When adding new functionality, respect existing module boundaries:

| Need to...                        | Put it in...   |
| --------------------------------- | -------------- |
| Parse daemon JSON responses       | `api.rs`       |
| Handle HTTP framing/chunking      | `http.rs`      |
| Connect to sockets/pipes/TCP      | `ipc.rs`       |
| Resolve rootless Podman           | `podman.rs`    |
| Expose public API or orchestrate  | `lib.rs`       |

If new functionality does not clearly fit any module, discuss with the human
operator before creating a new module.

---

## 5 - Core Dependencies

| Crate        | Type | Purpose                                         |
| ------------ | ---- | ----------------------------------------------- |
| `serde`      | Prod | Container metadata serialization                |
| `serde_json` | Prod | JSON response parsing from daemon API           |
| `httparse`   | Prod | HTTP/1.x response header and chunk-size parsing |
| `log`        | Prod | Logging facade for debug diagnostics            |
| `libc`       | Prod | Unix-only: `getuid()` for socket path discovery |
| `gungraun`   | Dev  | Deterministic instruction-counting benchmarks   |
| `tempfile`   | Dev  | File/directory generation for test fixtures     |

_Any attempt to add a new `[dependencies]` entry will be rejected._

### 5.1 - Dependency Philosophy

The runtime dependency count (4 crates + 1 Unix-only) is a **competitive
advantage**. Every proposed dependency must justify itself against the question:
"Can this be done with `std` or an existing dependency?" If yes, do not add it.

---

## 6 - Formatting & Style

- **rustfmt** with `edition = "2024"`, `max_width = 100`.
- Run `cargo fmt` before every commit.
- Use `snake_case` for functions/variables, `PascalCase` for types/enums,
  `SCREAMING_SNAKE_CASE` for constants.
- Line comments (`//`) for implementation notes; doc comments (`///`) for API docs.

---

## 7 - Testing & Benchmarking

- **CRITICAL EXECUTION RULE:** You must strictly run `cargo test --lib --tests`.
  A naked `cargo test` will attempt to execute `gungraun` benchmarks without the
  required Valgrind harness, causing immediate panics.
- Write unit tests for all pure/deterministic logic.
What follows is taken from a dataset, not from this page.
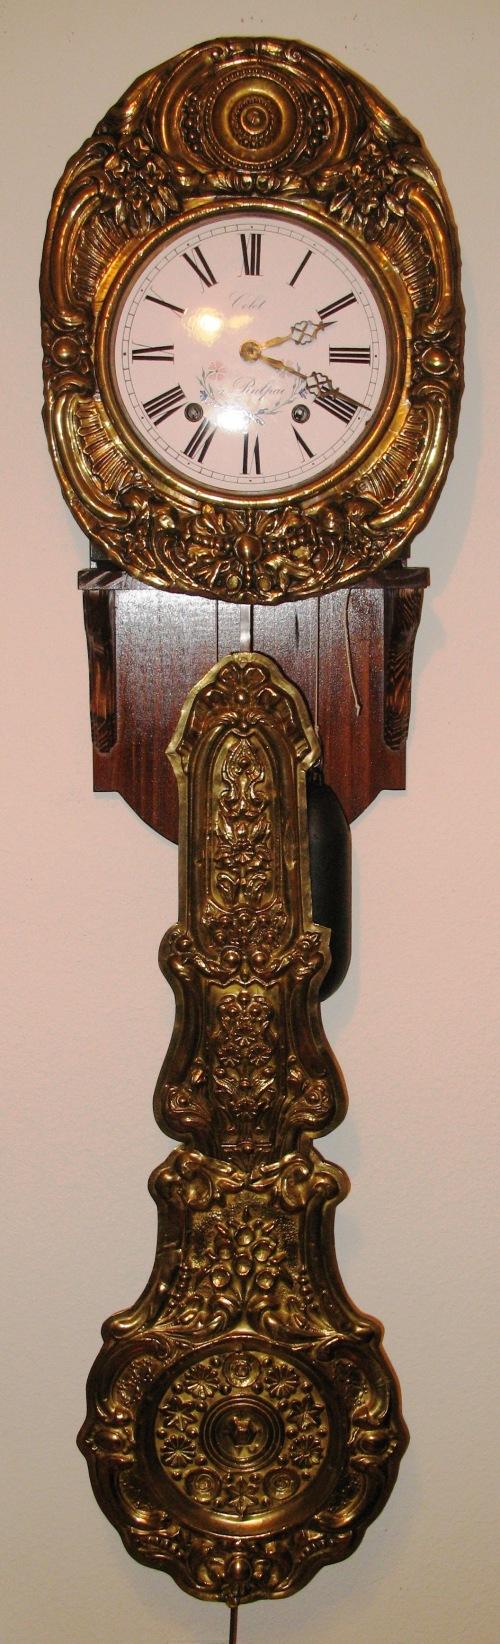 French Morbier (Comtoise) Clock. ca 1860.

Tests live in
  `#[cfg(test)] mod tests`.
- Use `assert_eq!` with descriptive messages:
  `assert_eq!(result, expected, "reason for checking")`.
- **Benchmarking:** Use `cargo bench --bench benchmarks` to run deterministic
  instruction counting via `gungraun`. Do NOT use or optimize for wall-clock
  time (`criterion`).

---

## 8 - Commit Rules

### 8.1 - Commit After Every Completed Task

Agents **must** commit immediately after completing each discrete task or fix.

### 8.2 - Conventional Commits Format

Format: `<type>(<optional-scope>): <lowercase description>`
Allowed types: `feat`, `fix`, `docs`, `style`, `refactor`, `perf`, `test`,
`build`, `ci`, `chore`, `revert`, `enforce`.

- Description starts lowercase, 5-200 characters.
- No trailing period.

### 8.3 - Commit Description Quality

Good examples:
`feat(api): parse container labels from daemon response`
`perf(http): avoid redundant string allocation in chunk parser`

---

## 9 - Git Hooks (install once)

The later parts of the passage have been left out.